:: Work to complete ::
When you reach the line holding "Cher Lloyd Photo" in the material below, return that line and each one after it, word for word, with the pictures dropped.

:: Recorded information ::
== Segment start ==

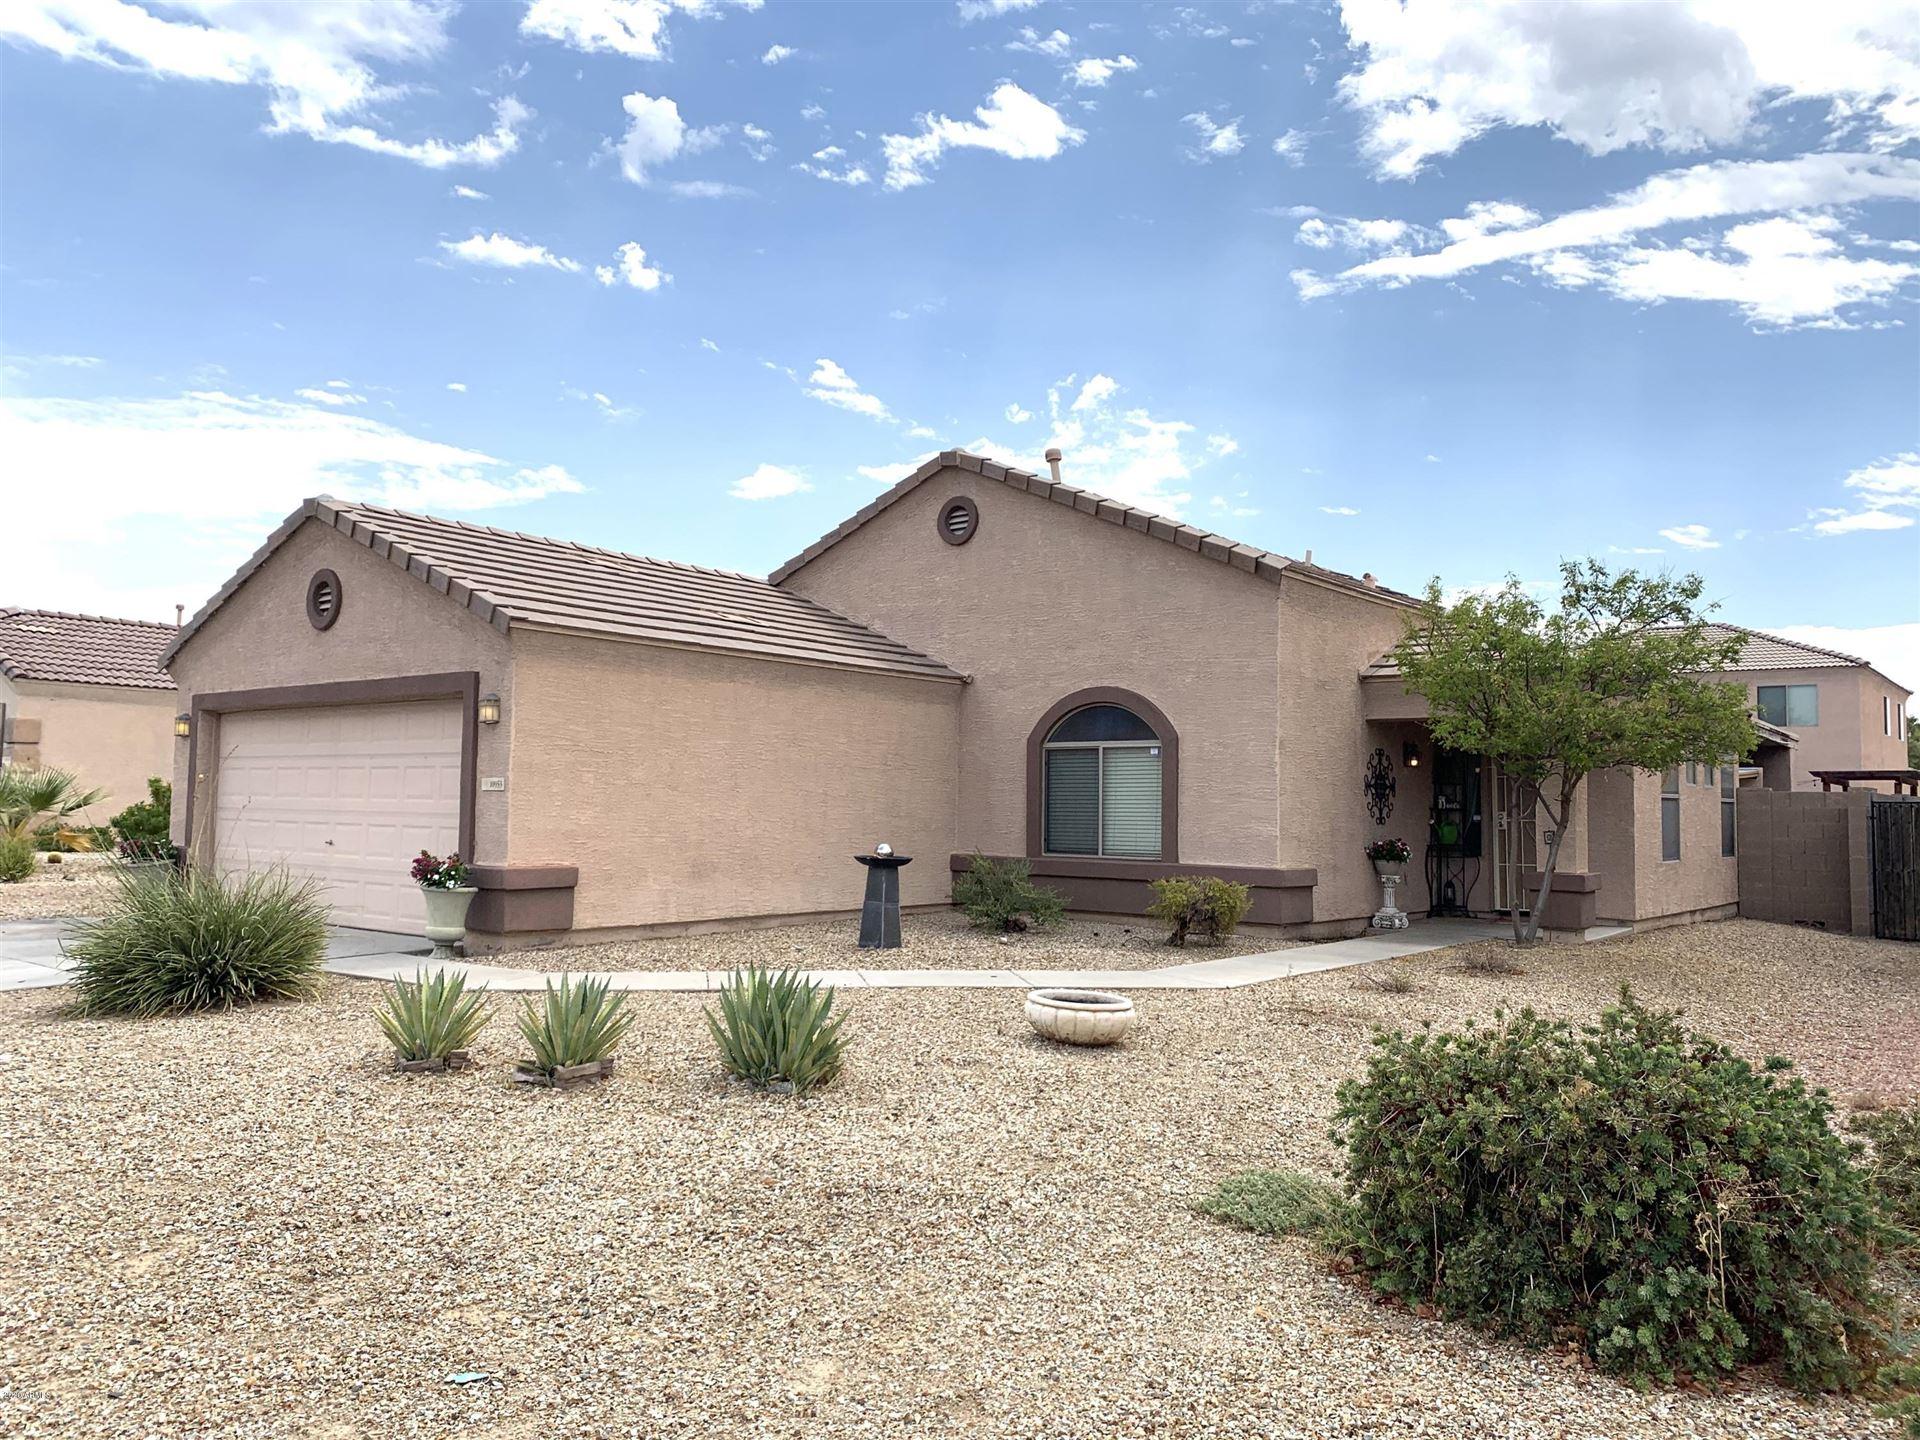 10953 W ROYAL PALM Road, Peoria, AZ 85345 - MLS#: 6123236
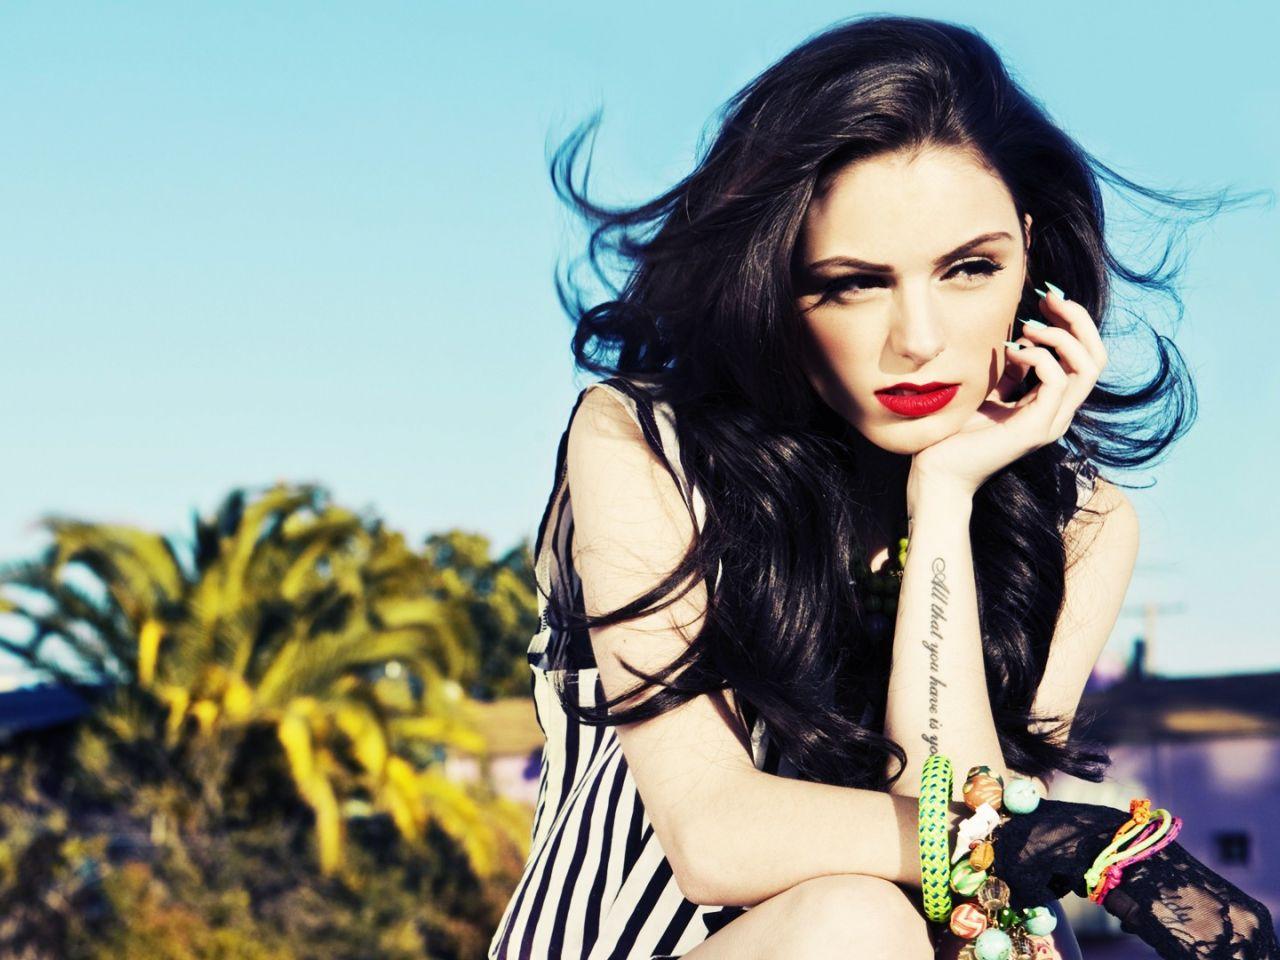 Cher Lloyd Photo 42 Of 47 Pics Wallpaper Photo Theplace2
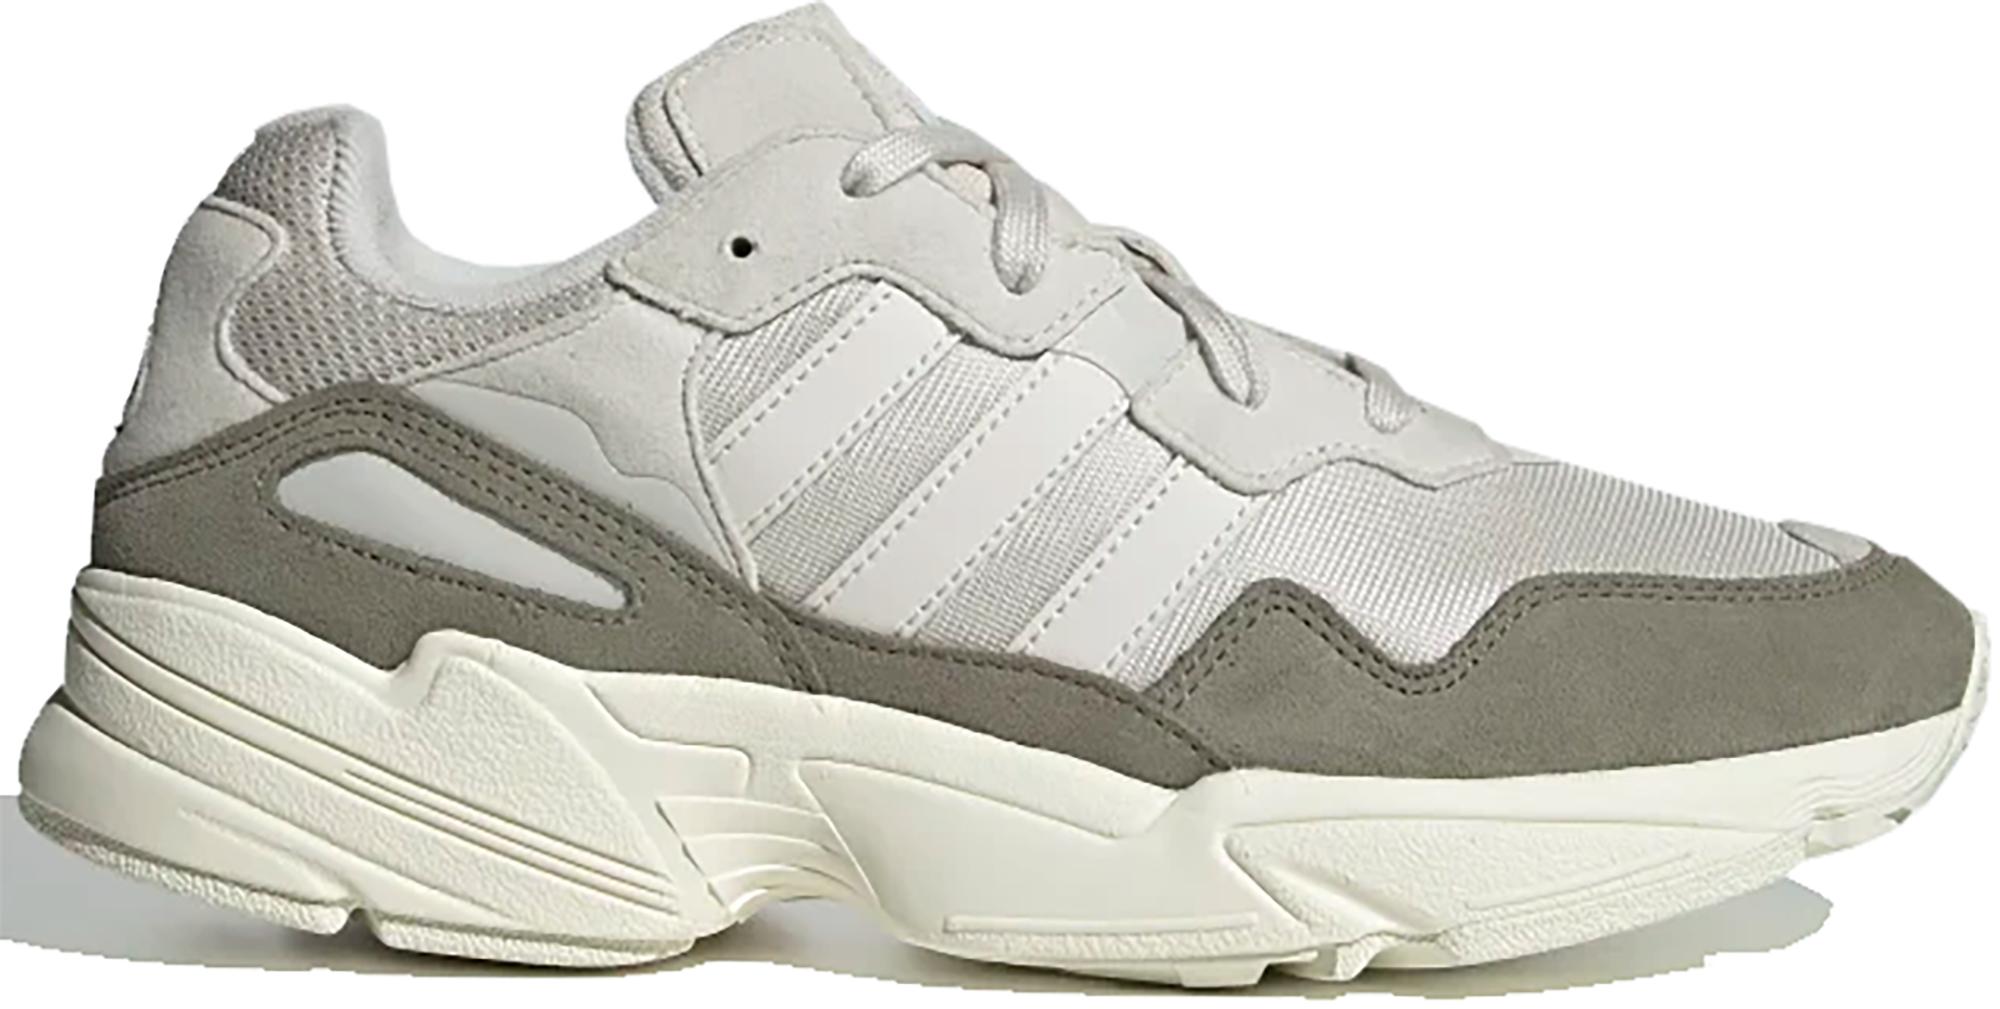 adidas Yung-96 Raw White - EE7244

== Segment end ==

:: Result ::
 Cher Lloyd Photo 42 Of 47 Pics Wallpaper Photo Theplace2
 adidas Yung-96 Raw White - EE7244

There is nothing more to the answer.